The Center for Hellenic Studies is pleased to announce the online publication of Helots and The Masters in Laconia and Messenia: Histories, Ideologies, Structures, eds. Nino Luraghi and Susan E. Alcock, on the CHS website.
The name “Helots” evokes one of the most famous peculiarities of ancient Sparta, the system of dependent labor that guaranteed the livelihood of the free citizens. The Helots fulfilled all the functions that slaves carried out elsewhere in the Greek world, allowing their masters the leisure to be full-time warriors. Yet, despite their crucial role, Helots remain essentially invisible in our ancient sources and peripheral and enigmatic in modern scholarship.
This book is devoted to a much-needed reassessment of Helotry and of its place in the history and sociology of unfree labor. The essays deal with the origins and historical development of Helotry, with its sociological, economic, and demographic aspects, with its ideological construction and negotiation.

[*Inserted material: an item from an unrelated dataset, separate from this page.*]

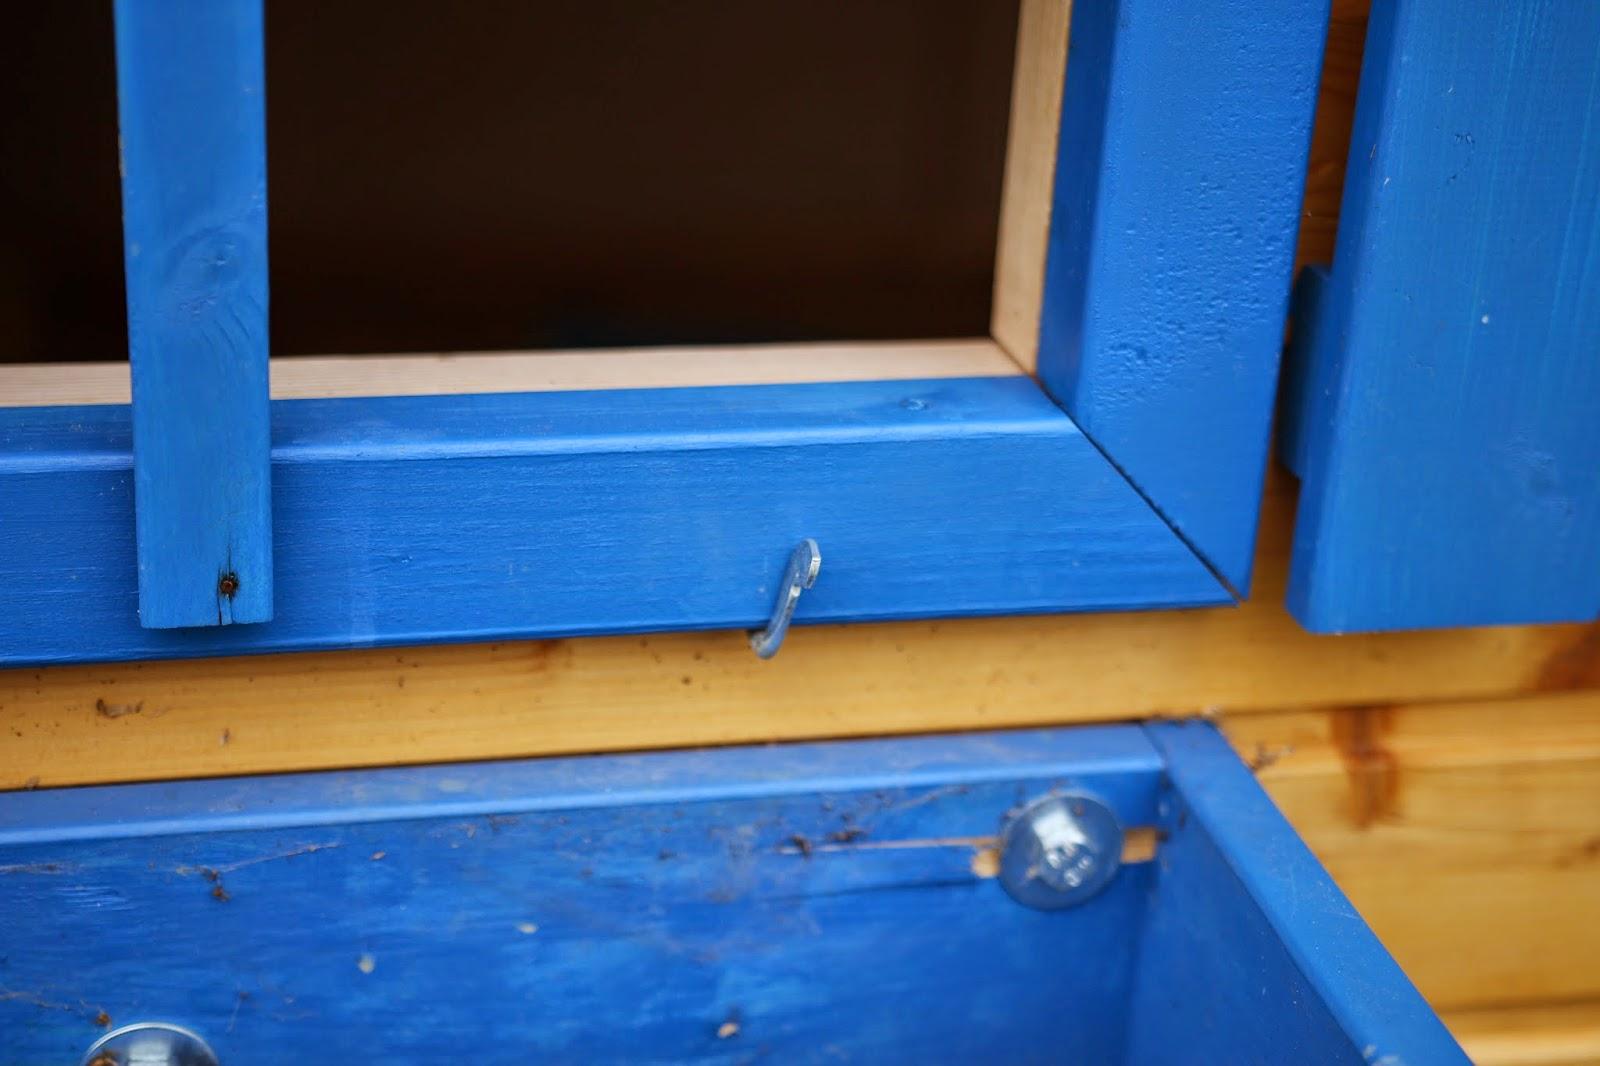 Zajištění okenního rámu u dětského domečku
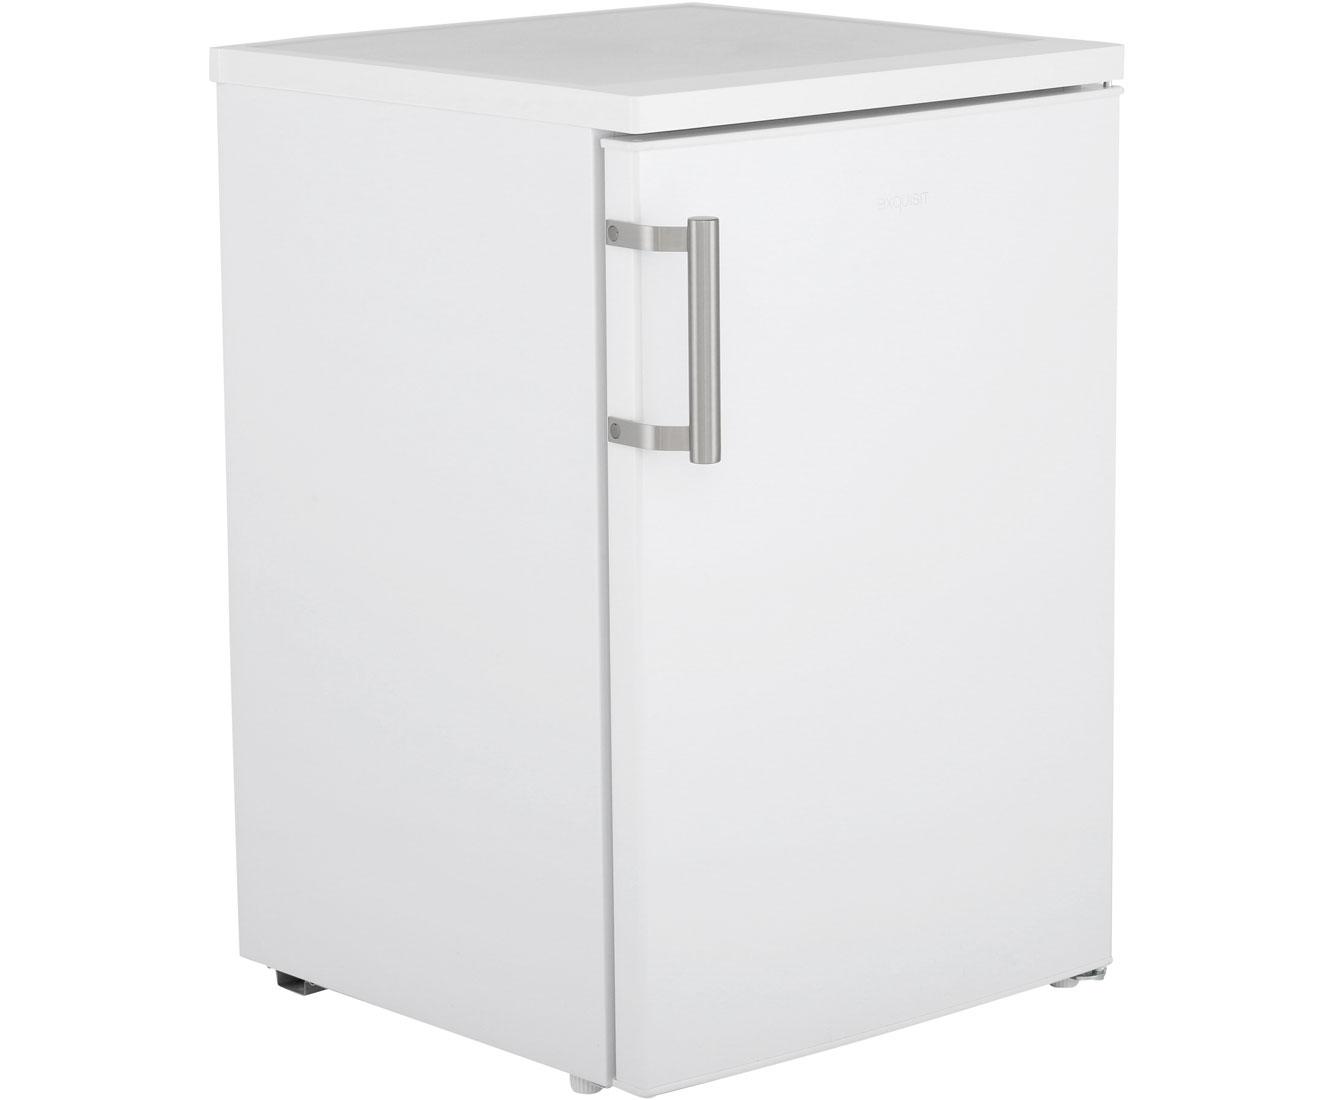 Kühlschrank Klemmschublade : Exquisit kühlschrank preisvergleich u die besten angebote online

Susan E. Alcock writes on the introductory chapter of this volume:
It is unlikely that the helots will ever shed that quality of Rorschach test, and indeed it might be a shame, given their evocative history, that they ever should. Still, this volume directs us towards new ways of analyzing and of envisioning these people. In part, this involves the nature of our questions: accepting our lack of detail about helots and helot life should discourage grand and totalizing narratives. Instead, the way forward seems to be through encouragement of alternative methodologies, such as the use of comparative data sets or of archaeology, to unpick more nuanced questions, in more localized fashions. Perhaps most fundamental of all is the need to reconsider our own starting assumptions, to grant the helots both capacities and hopes that the usual suspects of our sources have steadfastly denied to them.
Such reconsideration—recasting the terms of debate about helots and helotage— was the point of the original workshop organized by the editors, and remains the point of this volume. It is certainly a methodological puzzle. It is inescapably a political challenge. It is arguably a moral obligation.
Nino Luraghi is Professor of the Classics at Harvard University.
Susan E. Alcock is John H. D’Arms Collegiate Professor of Classical Archaeology and Classics at the University of Michigan.